Input data:
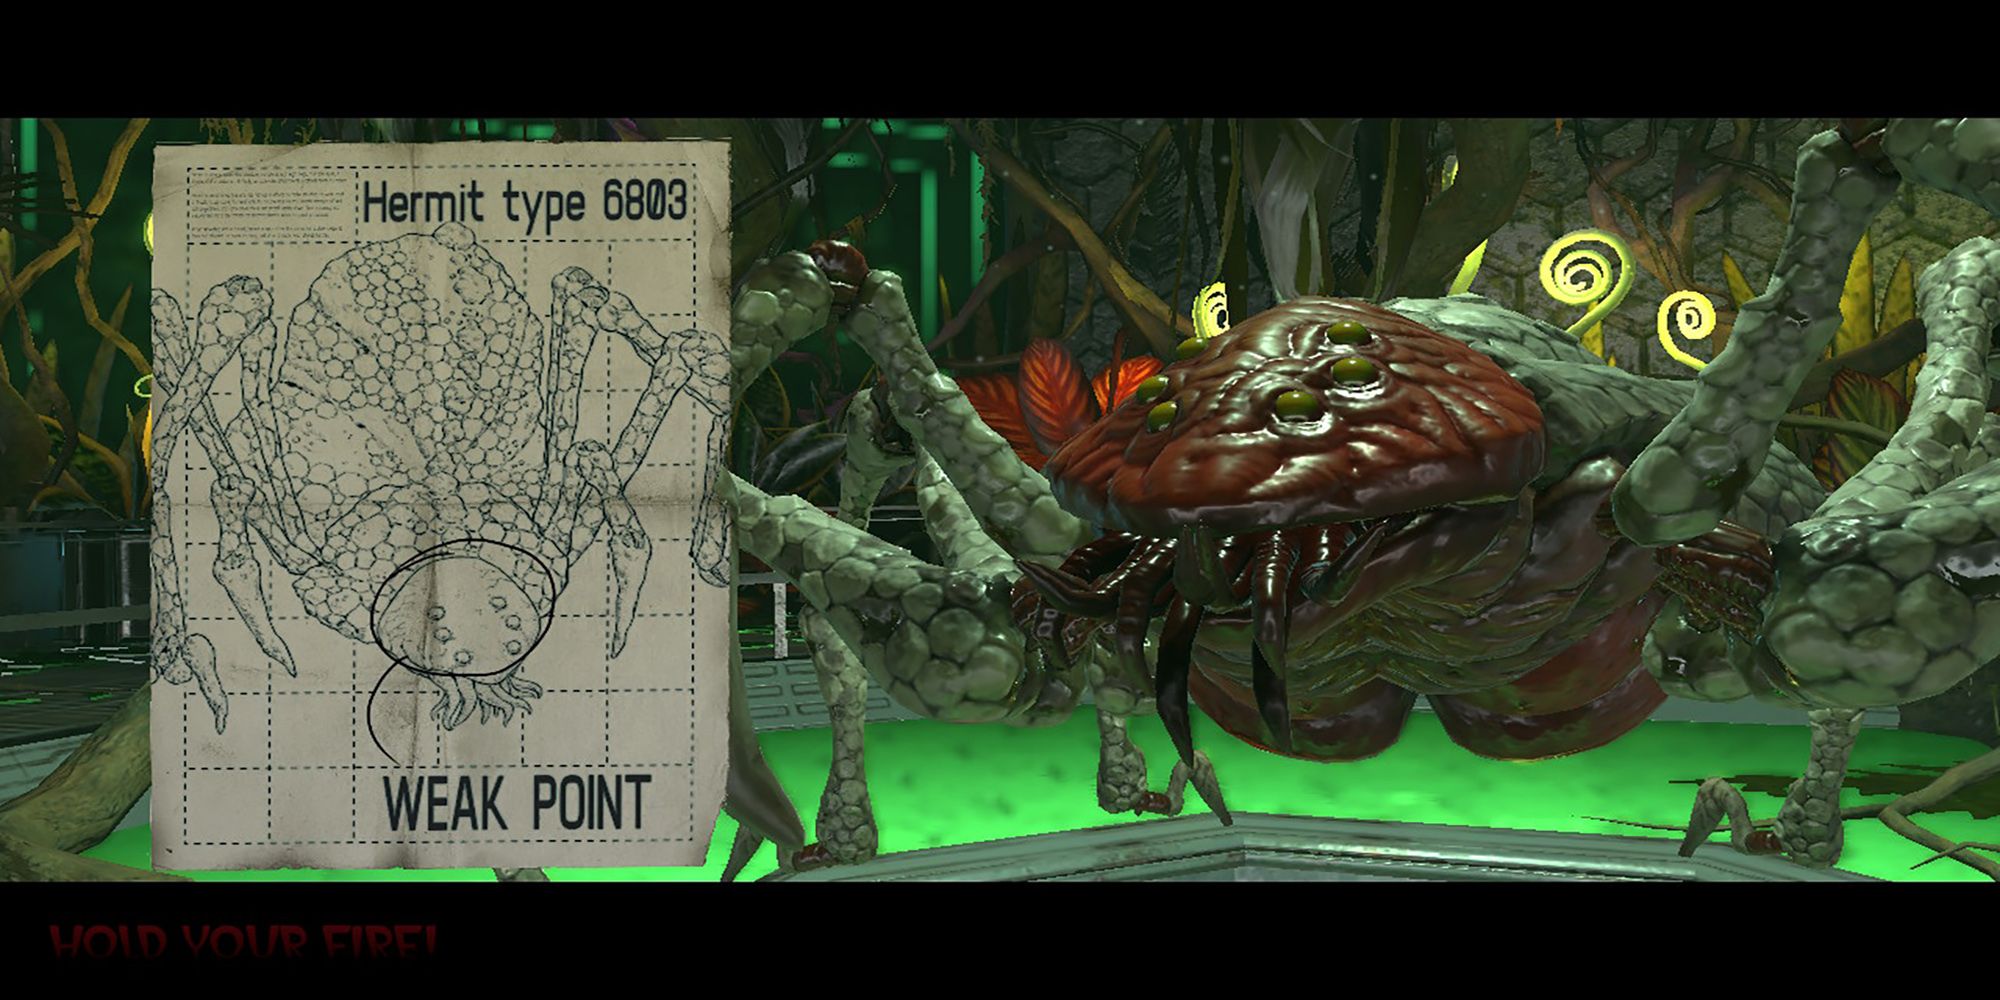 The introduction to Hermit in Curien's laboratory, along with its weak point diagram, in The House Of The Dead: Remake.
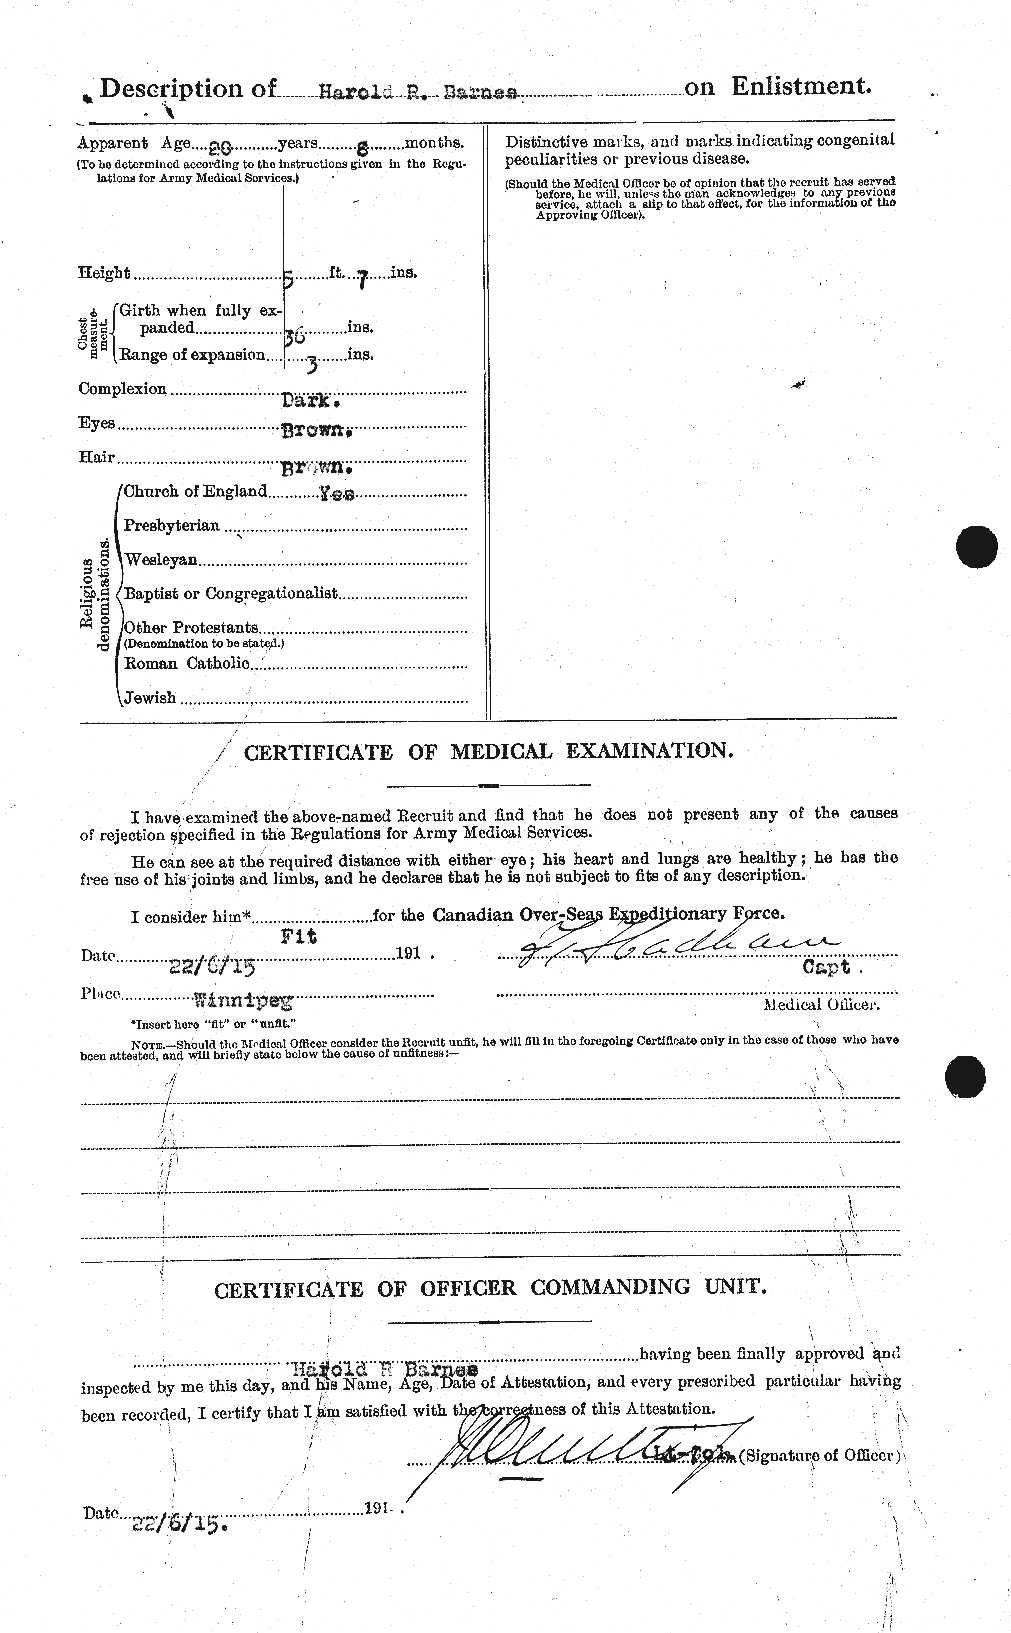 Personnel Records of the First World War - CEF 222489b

==

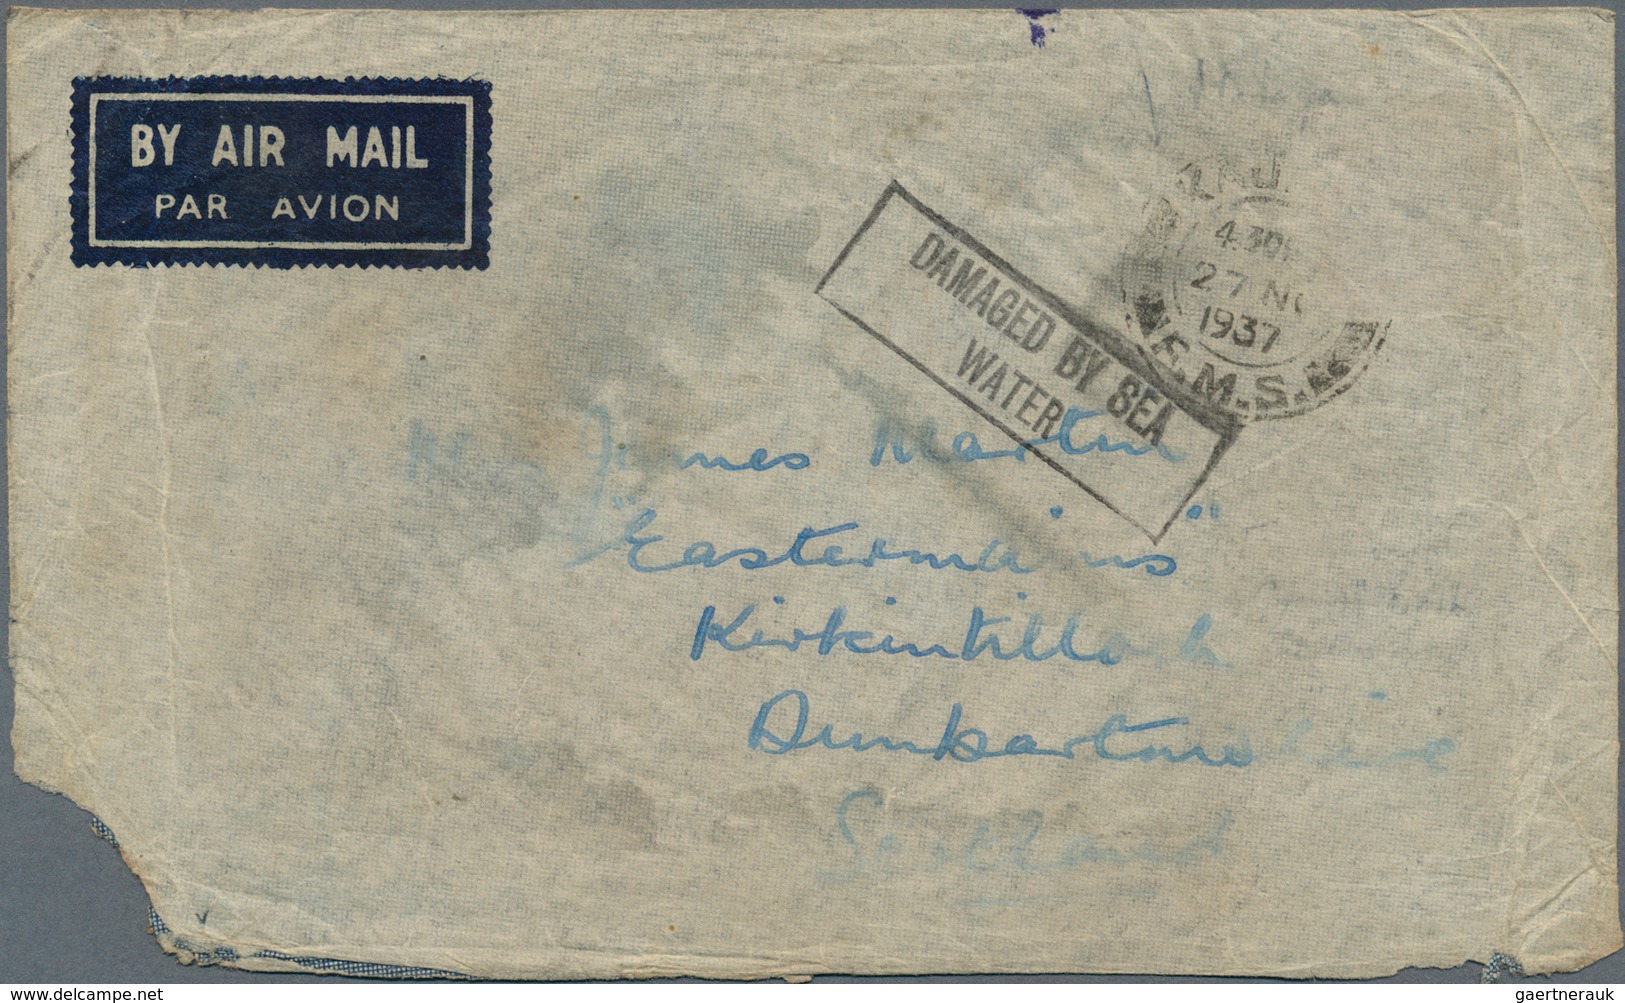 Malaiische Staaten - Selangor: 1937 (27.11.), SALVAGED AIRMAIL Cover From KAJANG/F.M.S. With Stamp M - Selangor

Exercise requirements: Within the listing above, the lines from the one with "The introduction to" through the one with "Personnel Records of" are to be given again word for word. Do not include pictures.

Answer:
 The introduction to Hermit in Curien's laboratory, along with its weak point diagram, in The House Of The Dead: Remake.
 Personnel Records of the First World War - CEF 222489b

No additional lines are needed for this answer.